- Your instructions
What's wanted here is the full listing below, repeated exactly, with no images in it.

- Collected material
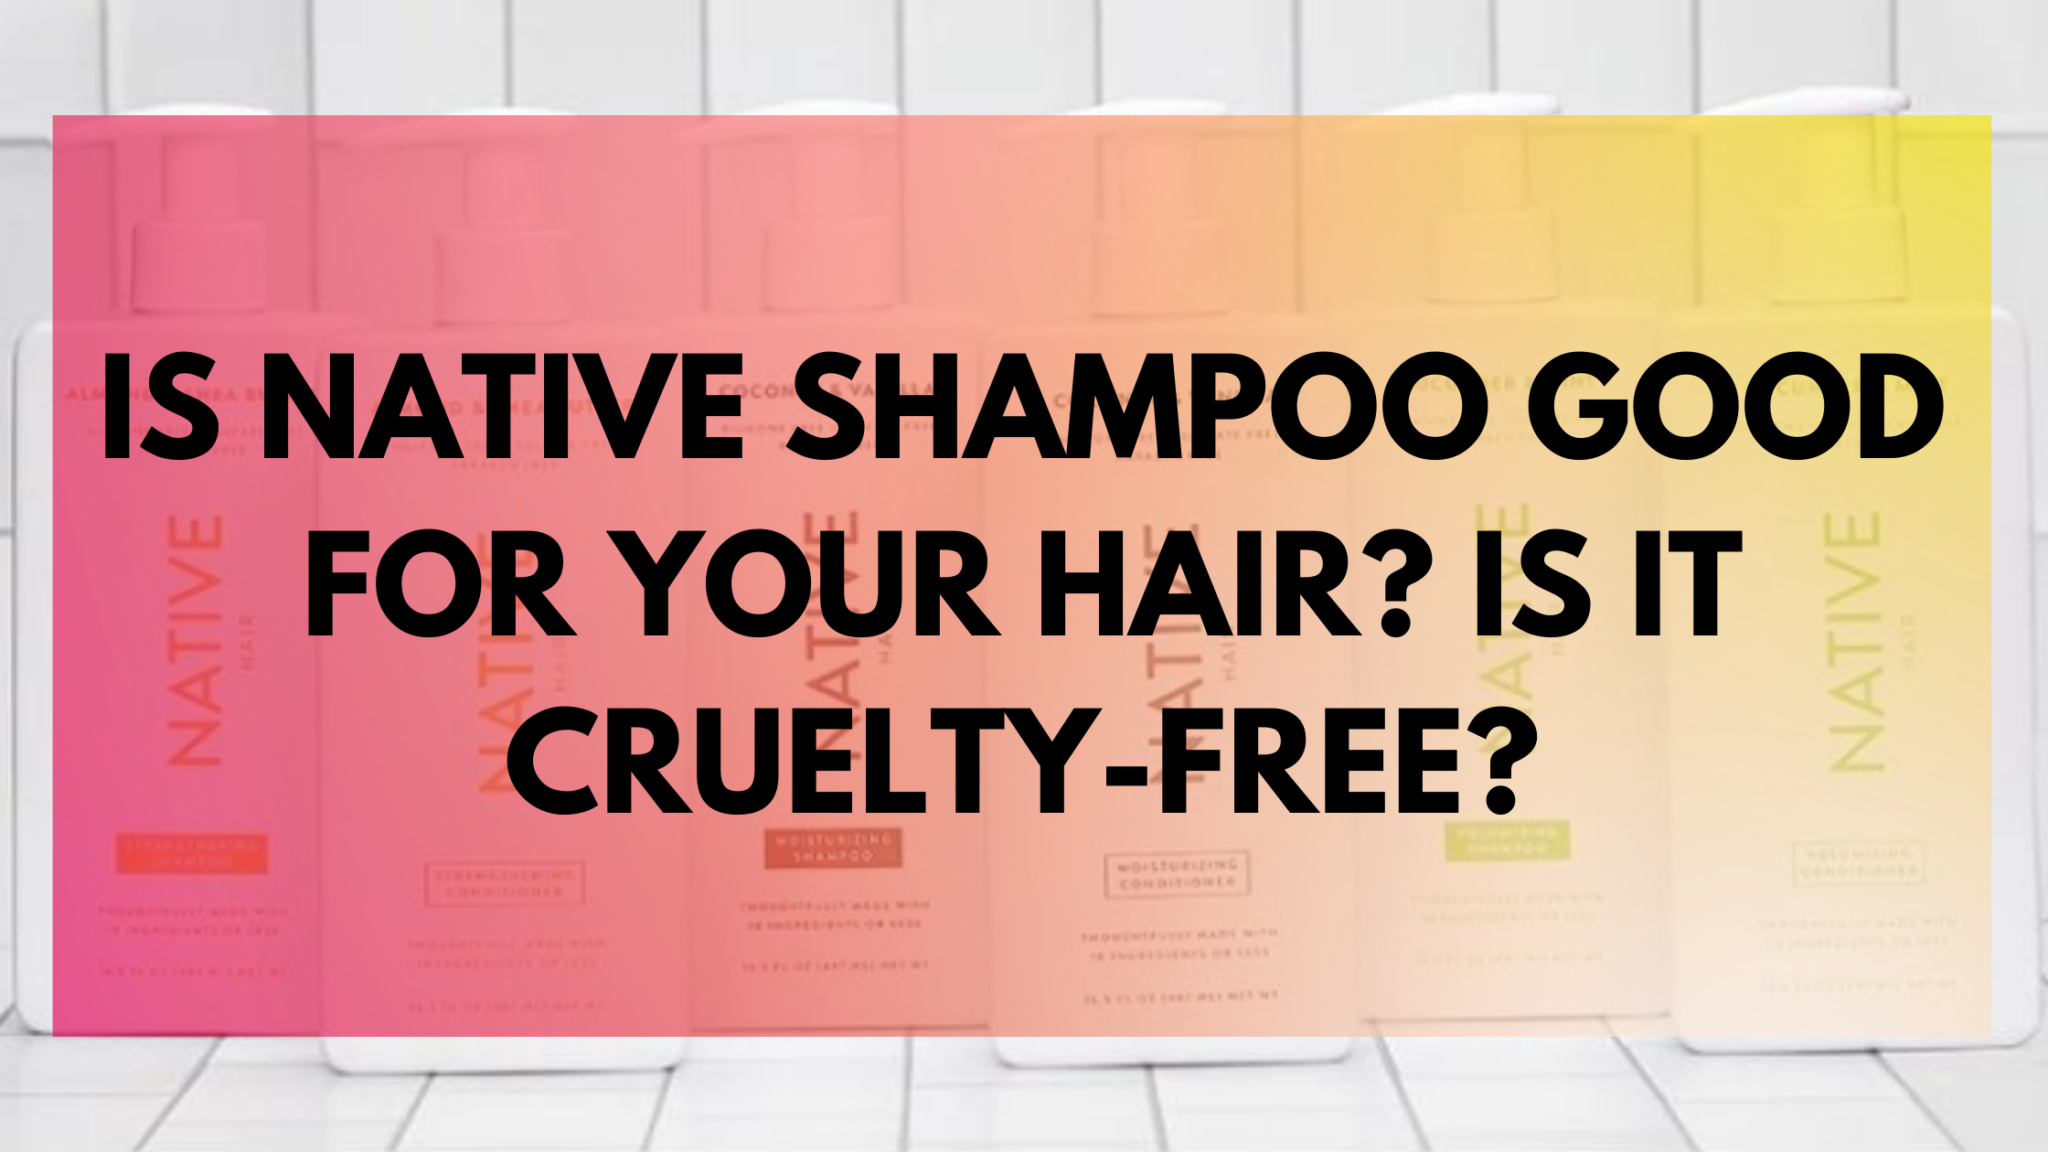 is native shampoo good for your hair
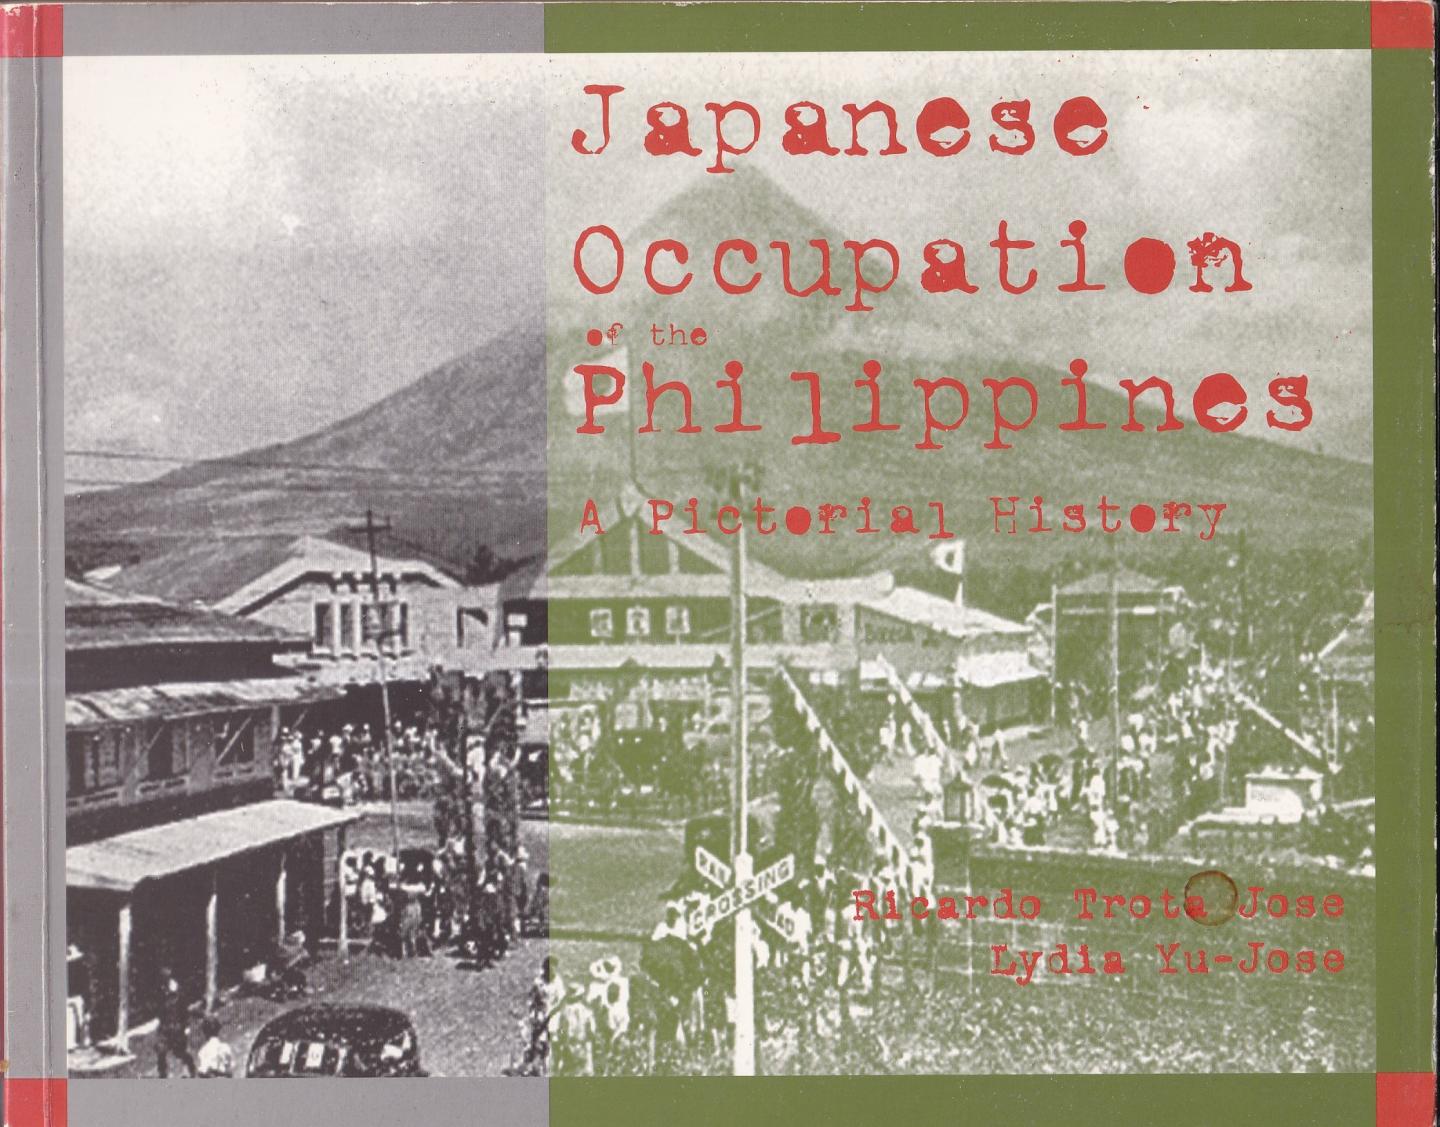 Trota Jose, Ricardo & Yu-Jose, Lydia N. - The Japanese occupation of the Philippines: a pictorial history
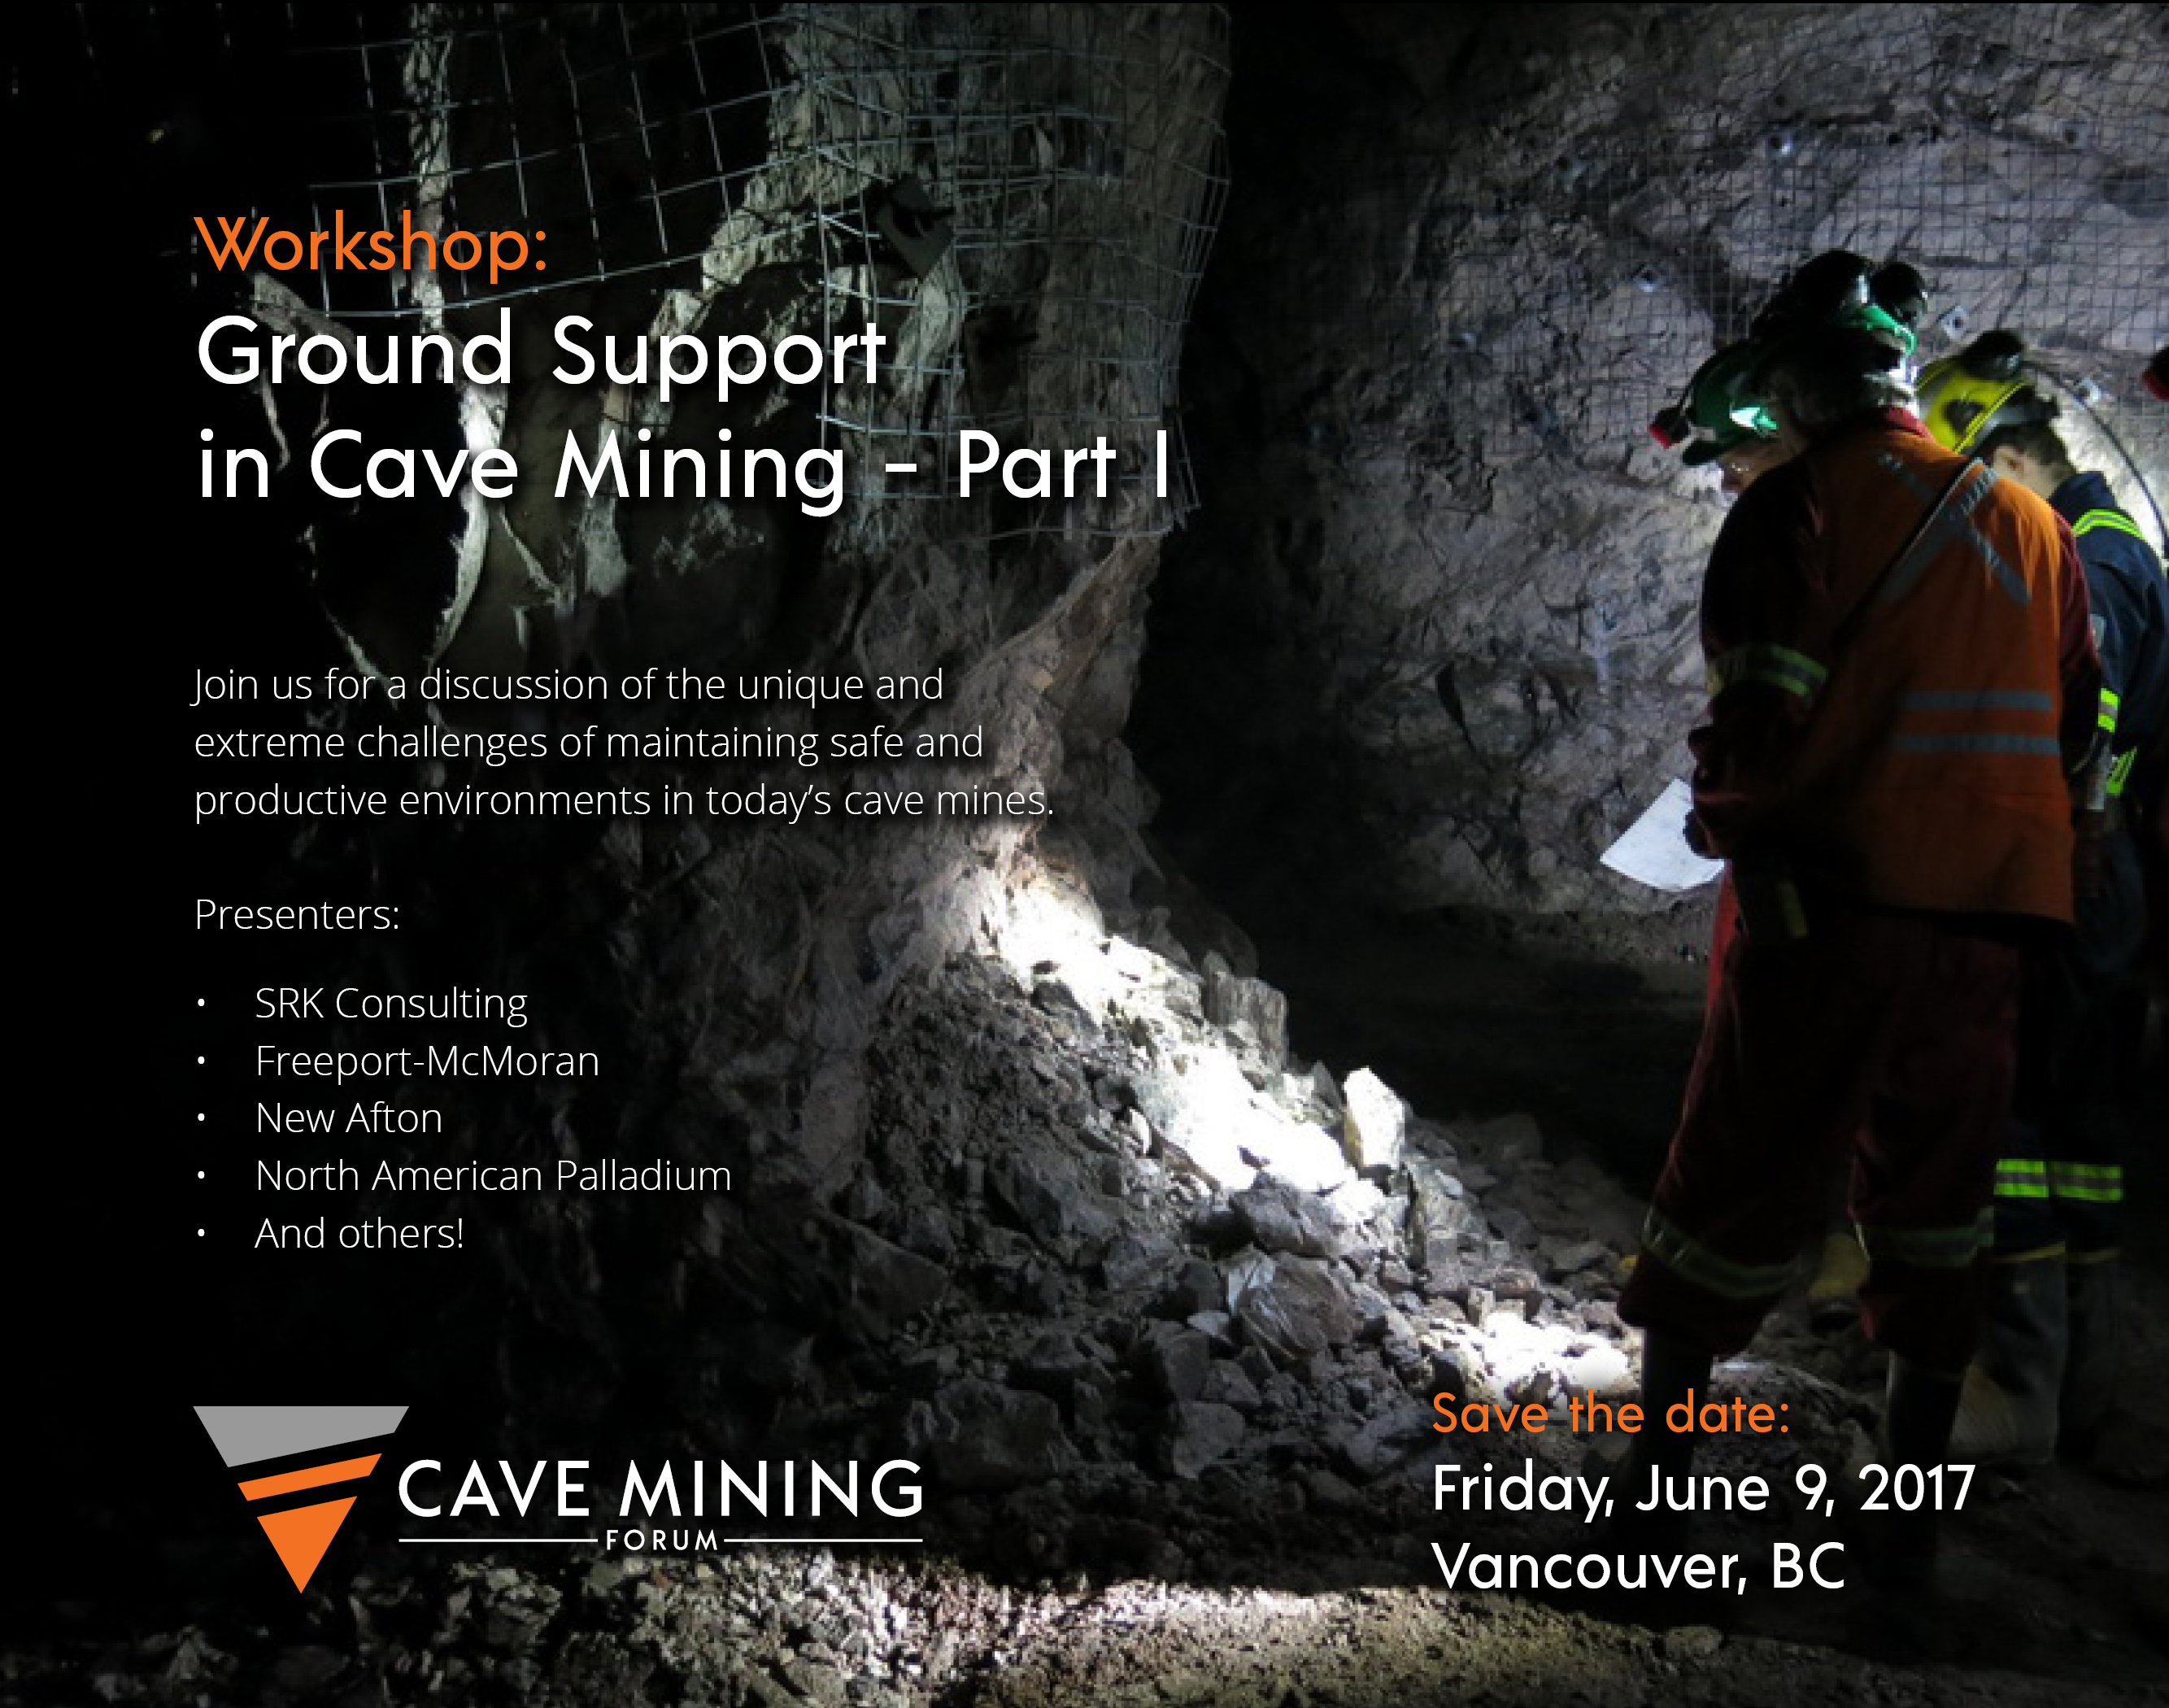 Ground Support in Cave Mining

- Answer section
 is native shampoo good for your hair
 Trota Jose, Ricardo & Yu-Jose, Lydia N. - The Japanese occupation of the Philippines: a pictorial history
 Ground Support in Cave Mining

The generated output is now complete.